Research Alert
Newswise — In a new study published in Science Translational Medicine, a Yale-led team uncovers the molecular mechanism behind the loss of immune regulation seen in multiple sclerosis (MS).
Previous studies by researchers in the lab of David Hafler, MD, Professor of Immunobiology and of Neurology, established defective regulatory T cells as an underlying cause of autoimmune disease including multiple sclerosis.
In the new study, a team led by Hafler and Tomokazu Sumida, Assistant Professor of Neurology, used RNA sequencing to compare gene expression in patients with and without MS. In patients with MS, they found increased expression of a gene called PRDM1-S (primate-specific transcription factor), which is involved in regulating immune function.
“These experiments reveal a key underlying mechanism for the loss of immune regulation in MS and likely other autoimmune diseases,” said Hafler, who is also chair of Yale’s Department of Neurology. “They also add mechanistic insight into how regulatory T cell dysfunction occurs in human autoimmune diseases.”
Researchers found that PRDM1-S increased expression of the salt-sensitive enzyme SGK-1, which earlier studies have linked to inflammation in MS.
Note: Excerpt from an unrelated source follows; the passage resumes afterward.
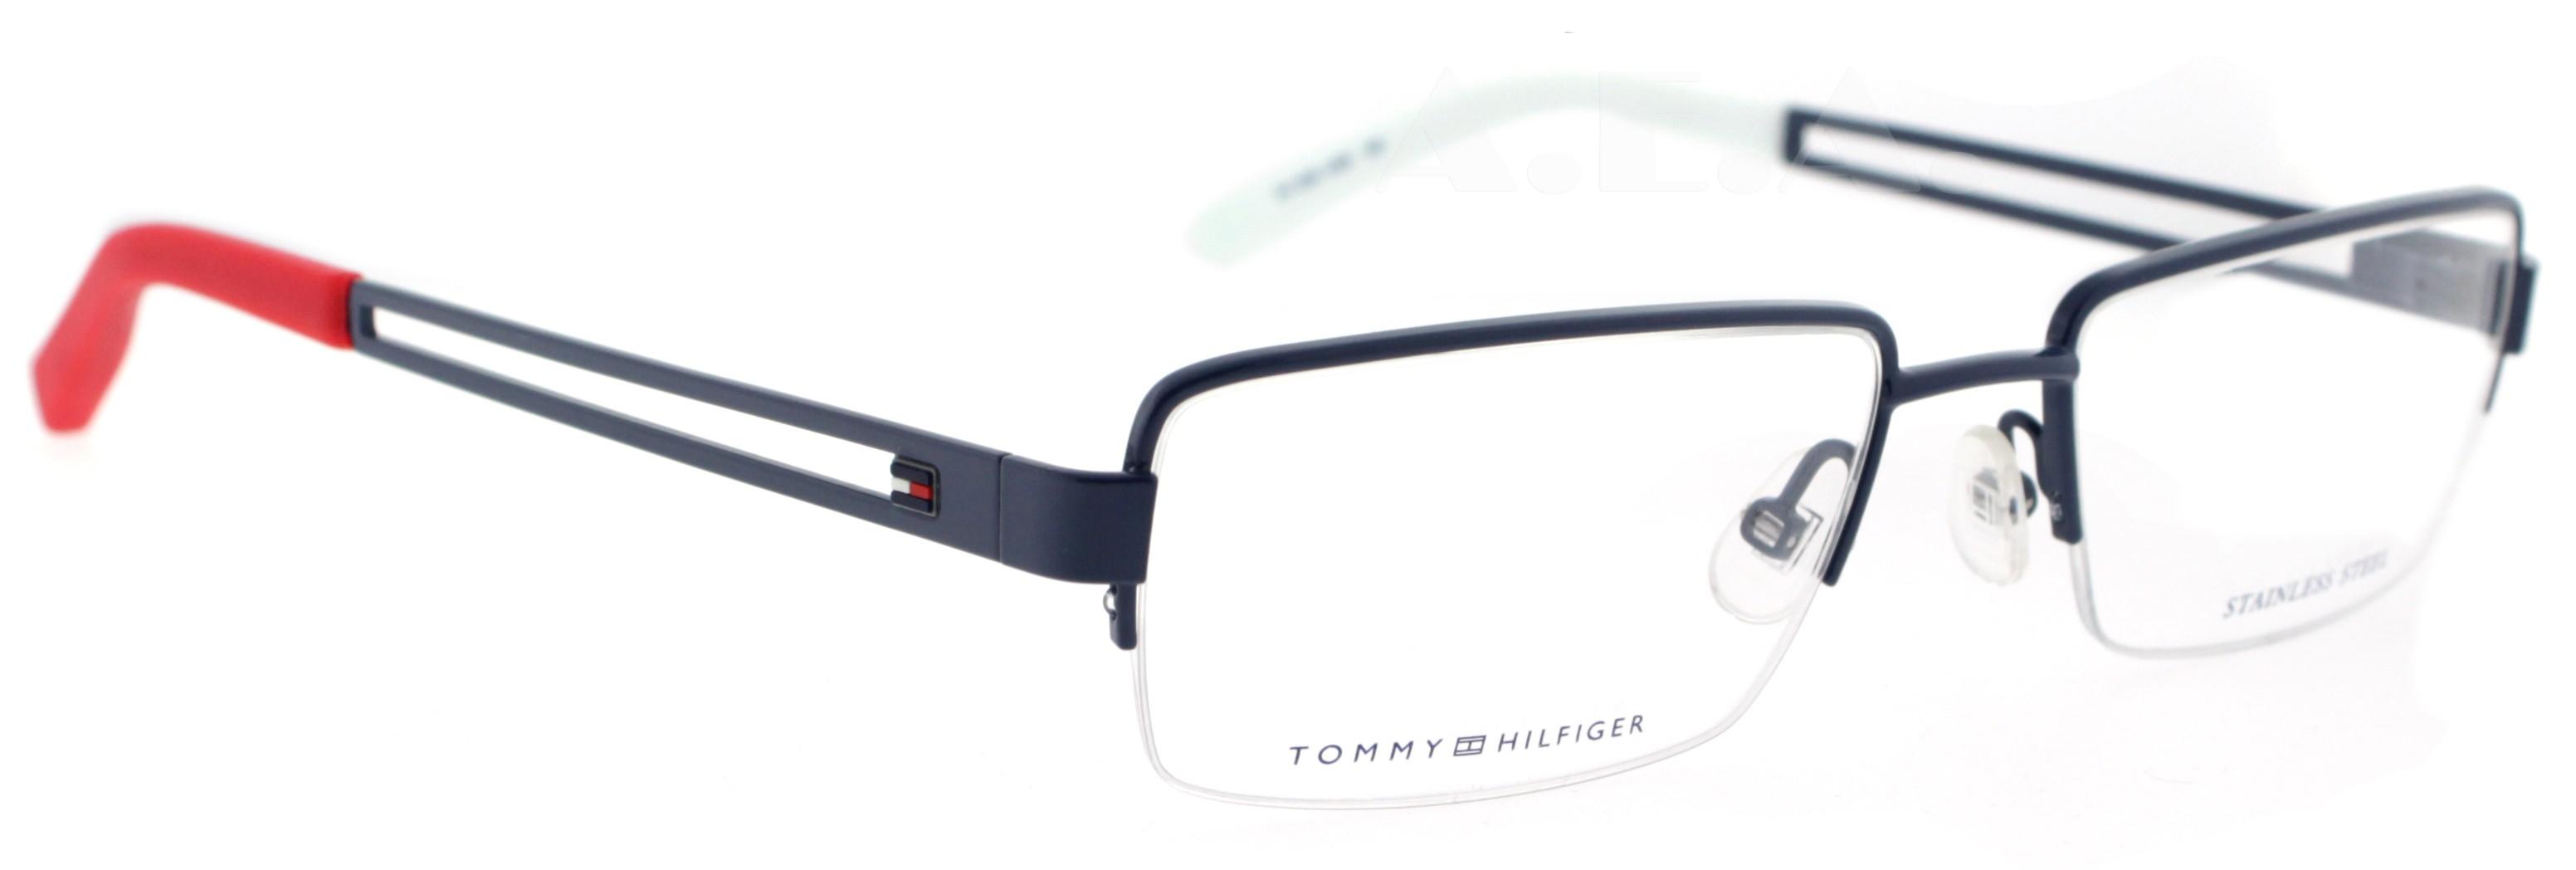 White Designer Eyeglass Frames : TOMMY HILFIGER TH 1024 UNX BLUE/RED/WHITE UNISEX DESIGNER ...

“Based on these insights, we are now developing drugs that can target and decrease expression of PRDM1-S in regulatory T cells,” Sumida said. “And we have initiated collaborations with other Yale researchers using novel computational methods to increase the function of regulatory T cells to develop new approaches that will work across human autoimmune diseases.”
Other authors from the Yale lab include Matthew R. Lincoln, Alice Yi, Helen Stillwell, and Greta Leissa.